Ce que j’aimerais faire avec le sens de l’équité c’est la même chose : trouver une définition fonctionnelle, arriver à savoir pour quelles raisons les comportements équitables ont pu être favorisés au cours de l’évolution.
Pas de définition d’entrée donc, mais je peux vous donner des exemples familiers pour mieux cerner de quoi on parle. Un des exemples d’équité les plus familiers dans notre vie de tous les jours, c’est le commerce équitable.
Le commerce équitable c’est accepter de payer un peu plus cher pour sa tablette de chocolat pour que les producteurs de cacao ou d’autres matières premières puissent vivre décemment de leur métier. Et même si acheter du commerce équitable ce n’est pas quelque chose qu’on fait tout le temps, c’est un marché qui pèse des centaines de millions d’euros, et qui est en croissance chaque année, ce qui montre que beaucoup de gens y adhèrent.

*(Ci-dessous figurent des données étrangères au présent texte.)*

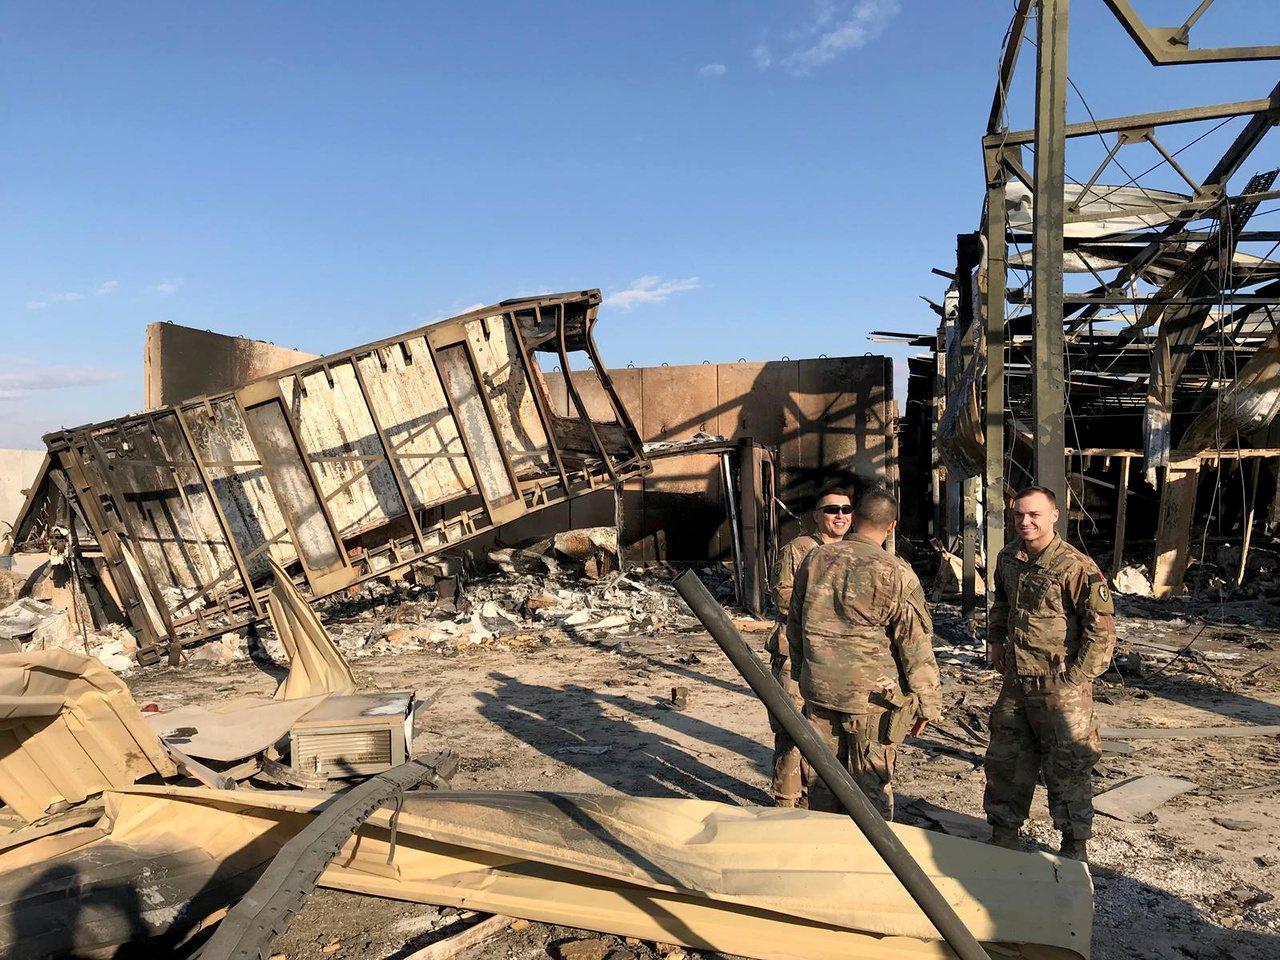 駐伊拉克美軍基地阿薩德基地在美東時間7日遭伊朗飛彈攻擊,美方無人傷亡,飛彈僅炸毀...
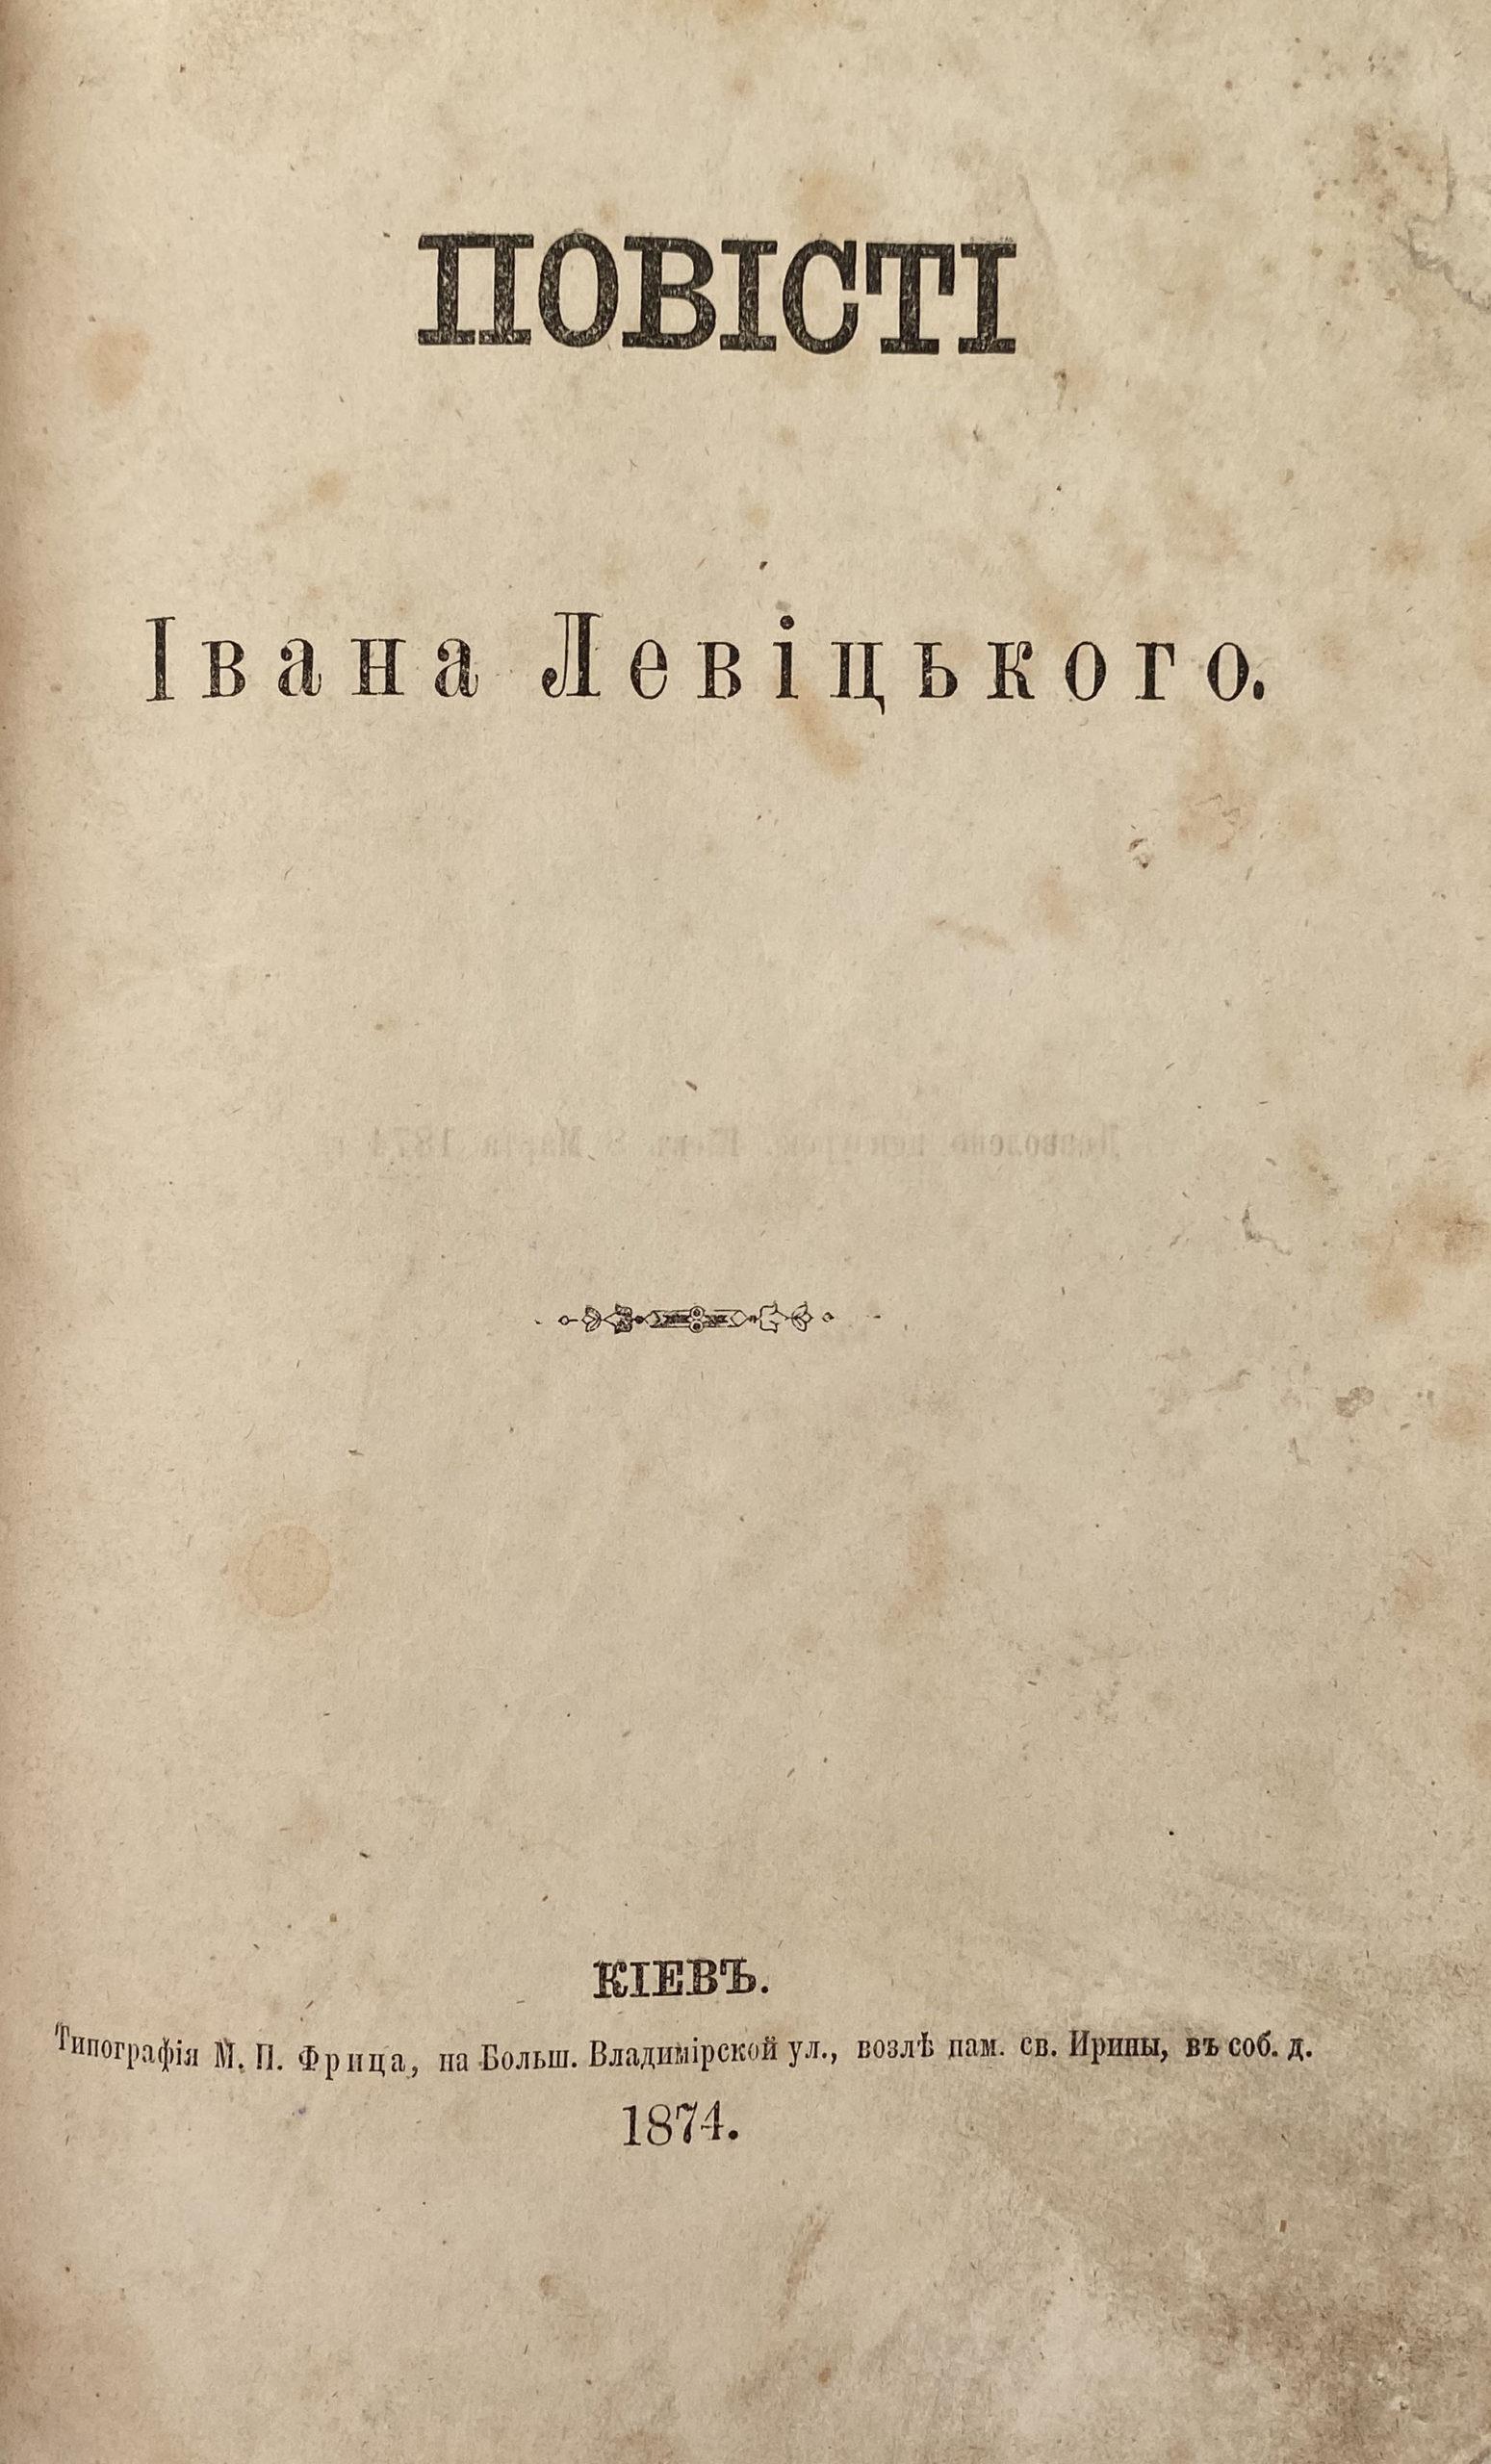 Левіцький І. Повісті Івана Левіцького, Киев, 1874.

Un autre exemple d’équité ce sont les systèmes de paiement que l’on appelle Pay-what-you-want, où il n’y pas de prix fixé, et les acheteurs ou consommateurs sont invités à fixer eux-mêmes le prix qu’ils veulent payer pour un produit. Ça s’utilise dans plein de domaines différents, notamment pour la vente de produits numériques sur le web, mais le pay-what-you-want est aussi utilisé dans la vraie vie, par exemple dans la restauration. Vous pouvez trouver des restaurants en France où à la fin du repas, le serveur viendra vous apporter une addition qui ne comporte aucun montant, et ça sera à vous de décider combien vous souhaitez payer pour le repas que vous venez de manger. Et ce qui est formidable c’est que non seulement les gens donnent une somme non négligeable, une somme qu’ils trouvent équitable, mais très souvent ils donnent une somme que le restaurateur aurait demandé lui-même.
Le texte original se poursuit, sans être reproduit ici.